SATAS offers certification and inspection services for the timber, chemical, metallurgical and plastic pipe industries. Stears also issues a word of caution with respect to manufacturing and using this material correctly and according to national regulations.
“Unfortunately, not many people know how to use structural laminated beams properly, and in some instances they are used in structural applications for their aesthetic appeal without any consideration for their load bearing ability or capacity,” he remarks.
Random tests conducted on laminated timber beams at the University of Pretoria by Professor Walter Burdzik revealed that a large percentage of such laminated timber beams did not comply with the MOR (i.e. bending strength) and MOE (Modulus of Elasticity) requirements for stress grade five as published in SANS 10163 parts one and two, which govern both the allowable stress design and limit-states design of the structural use of timber.
A laminated timber or ‘glulam’ beam is an engineered product made up of layers of wood (usually pine or eucalyptus) that have been glued together with an approved adhesive specifically designed for structural applications. The various components that go into making a laminated timber beam must meet certain requirements prior to assembly.
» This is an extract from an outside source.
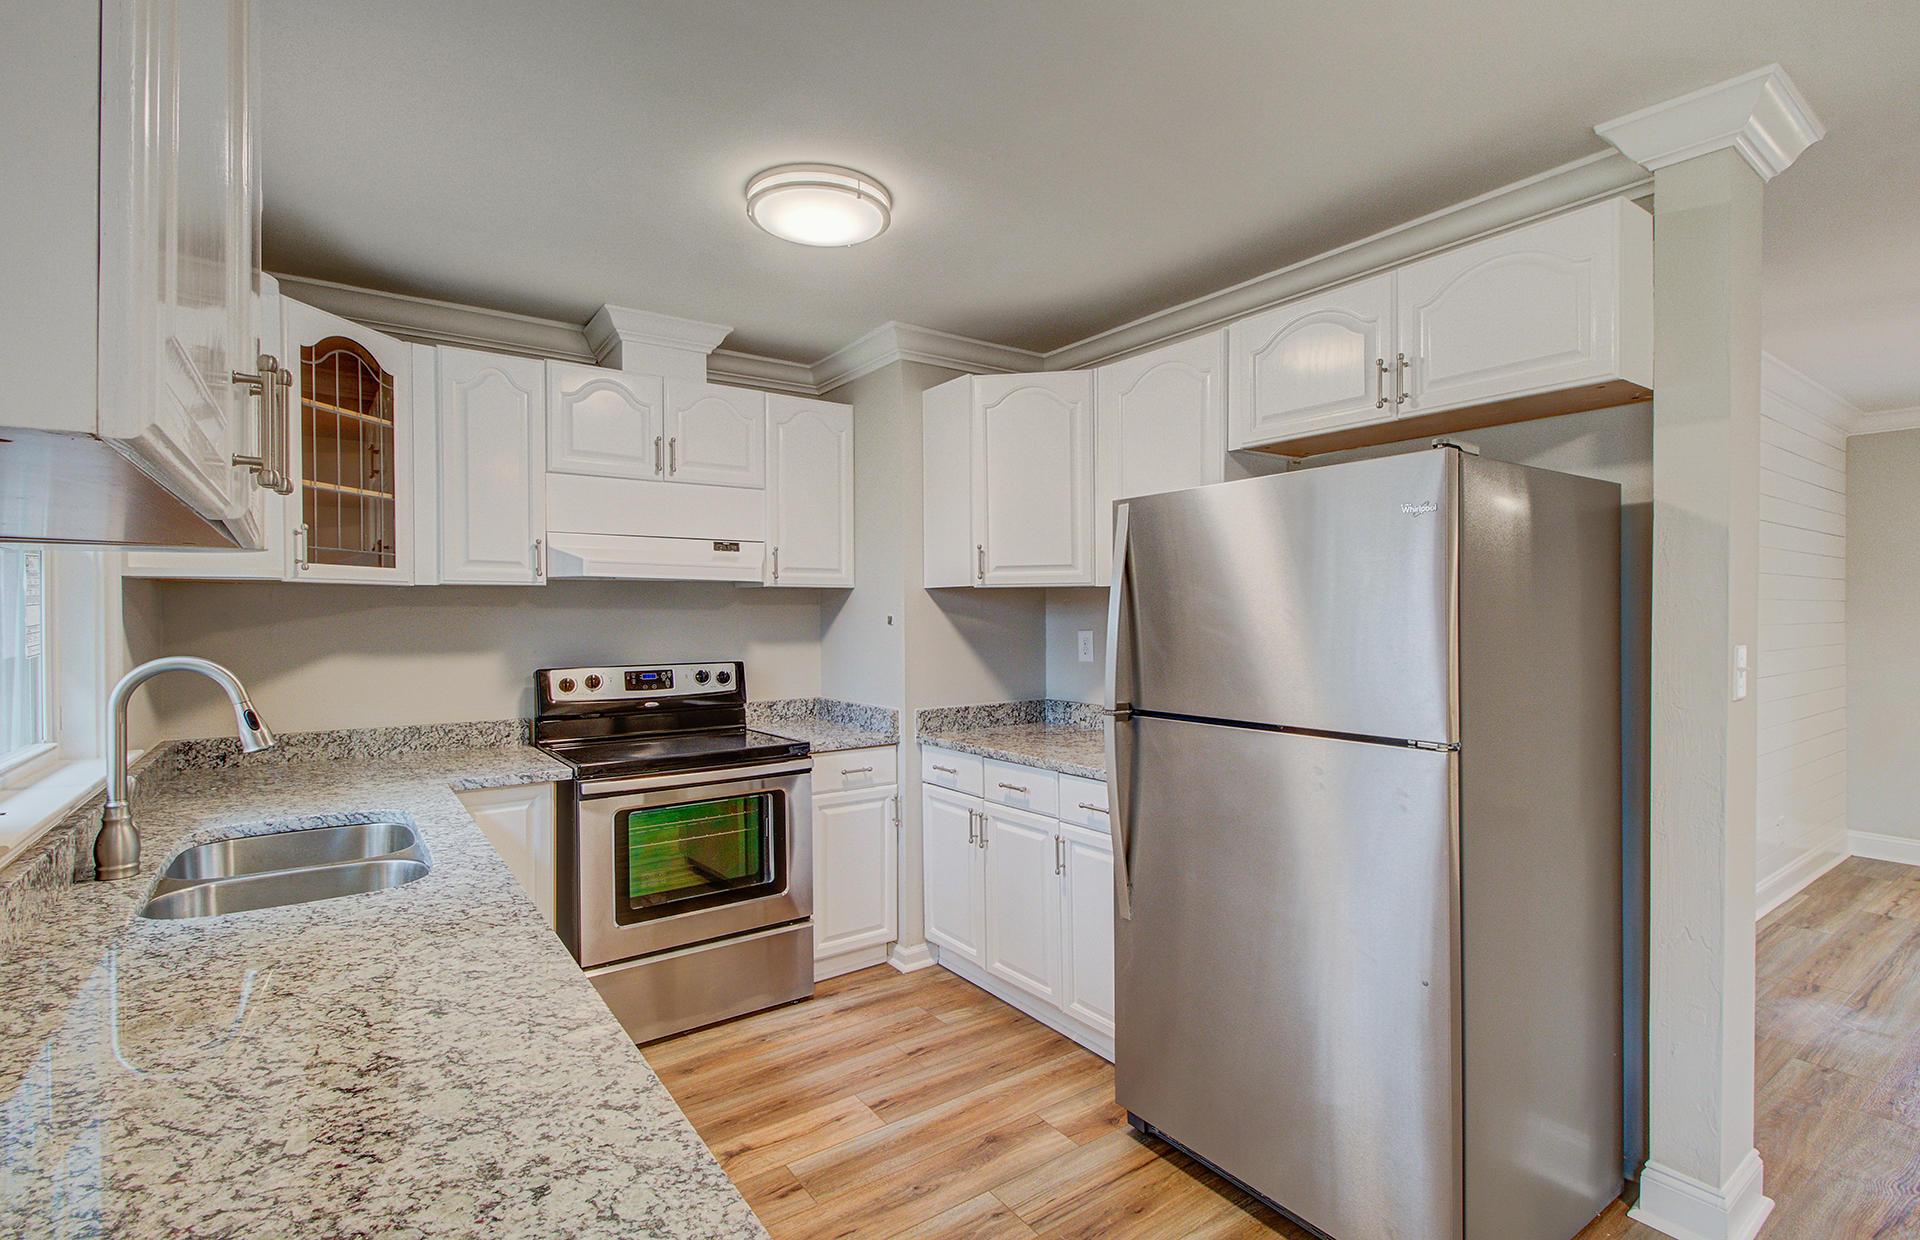 Sedgefield Section I Homes For Sale - 30 Aldene, Goose Creek, SC - 17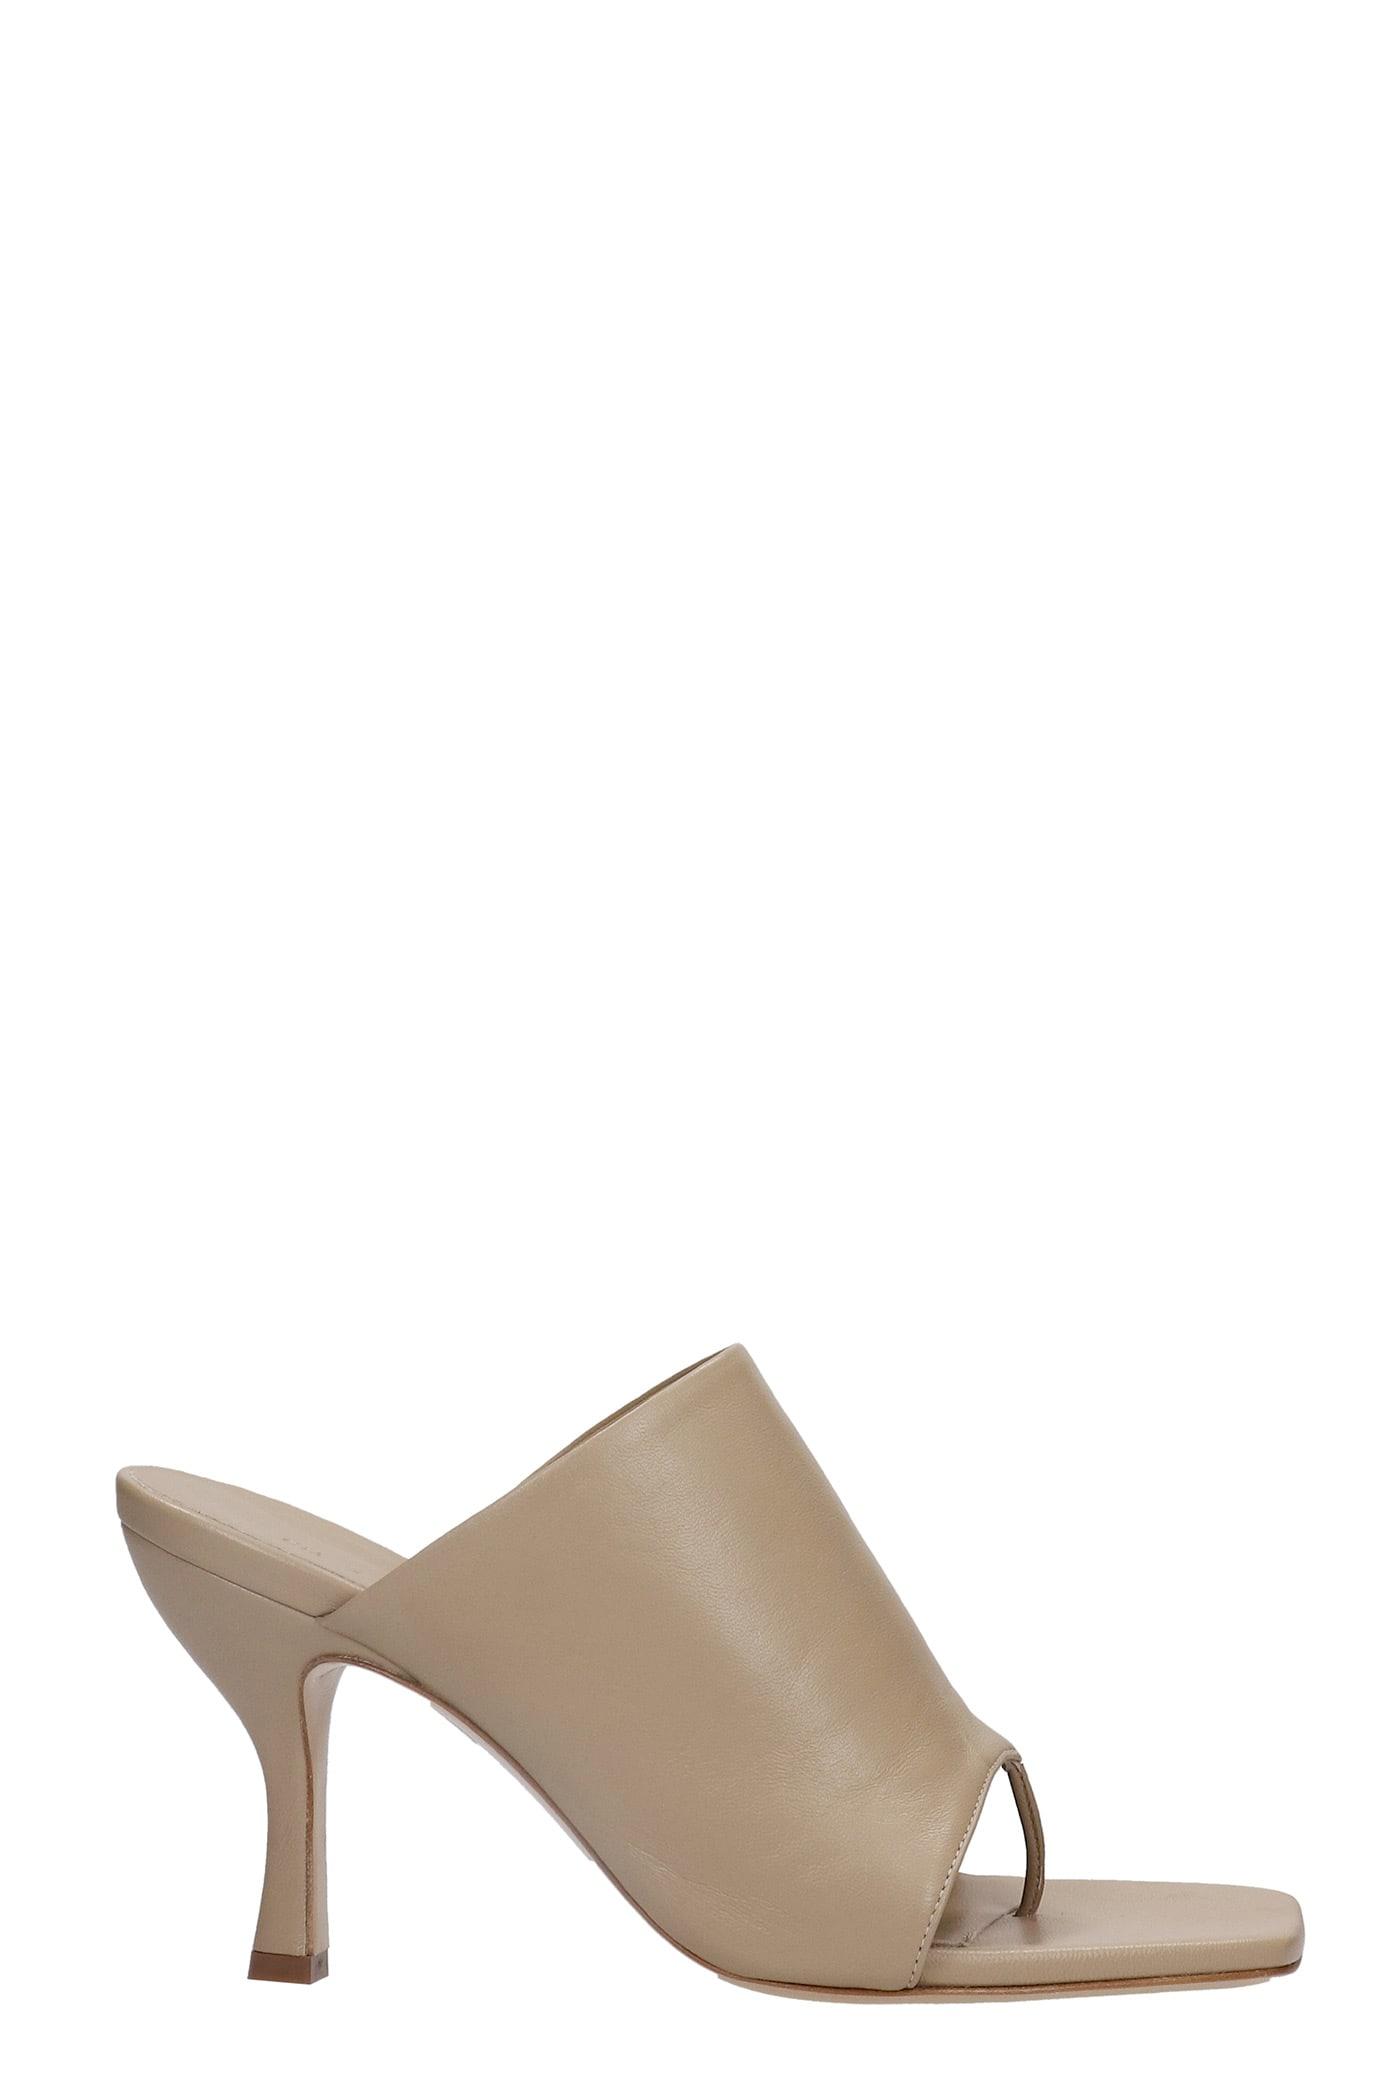 Perni Sandals In Beige Leather

Firstly, proper drying, grading/selection and machining of the timber to be used are very important considerations. The finger joints in boards to be used in laminated beams must also comply with the requirements set out in SANS 10096, which governs the manufacture of finger-joints in structural timber.
Furthermore, the adhesive used to bind the wood together must be selected for the appropriate application class for which the laminated timber beam will be used. Adhesive systems are specially designed for use in these specific application classes, which range from exposed exterior to interior dry.
“A structural beam manufactured with adhesive designed for interior dry use will not last long if used in an exterior application. Proper manufacturing process control is vital, as the use of the correct adhesive and timber will prove worthless if not correctly applied,” Stears remarks, adding that, “Important factors and conditions, such as timber moisture content and adhesive manufacturer requirements, like press time, pot life and spread rate, are vital to ensure a quality end product.”
Once the manufacturing process is complete, grade compliance needs to be established or verified. This is achieved by means of a proof load test, which records the relevant data to determine compliance with the grade requirements on strength and MOE. Once this has been completed, adhesive bond integrity tests are performed on small samples to determine compliance in the total manufacturing process.
“It is important to note that all timber used for structural purposes in South Africa must meet the strength requirements for stress grade five as a minimum, which means that any timber, including laminated timber units, that does not meet the relevant grade requirements is not appropriate or safe for use as structural timber,” says Stears. “Only a few laminated timber manufacturers in South Africa are certified by an accredited product certification body, like SATAS and the South African Bureau of Standards (SABS), for the manufacture of laminated beams to the requirements of SANS 1460 for laminated timber.”
Note: Both SATAS and the SABS are the only two bodies accredited by the South African National Accreditation Systems (SANAS) to carry out certification on structural laminated timber.
Certified laminated timber beams are manufactured under controlled conditions and processes, and have to be marked with certain information, such as the stress grade, certification mark of the certifying body, trade name (of the manufacturer) and application class (interior or exterior).
According to Stears, “The manufacture of structural laminated beams in compliance with SANS 1460 is a costly process, which is why some unscrupulous contractors may make use of inferior imported or ‘backyard’ products that do not meet the required standards for strength or quality for structural applications. The knock-on effects of this are potentially devastating.”
“If a cheaper alternative product is used, failures could result, but these would more than likely only occur a few years after construction, and in most instances responsibility of repair and related costs would befall the unsuspecting owner,” he says.
“Laminated timber is a viable resource and an intelligent choice for structural construction applications, but the use thereof without traceability and product certification is a recipe for disaster,” Stears affirms. “While the informed homeowner or project developer can aid in the demand for above-board product, it is ultimately the responsibility of architects, designers and engineers to insist on certified laminated timber beams for use in structural applications,” he concludes.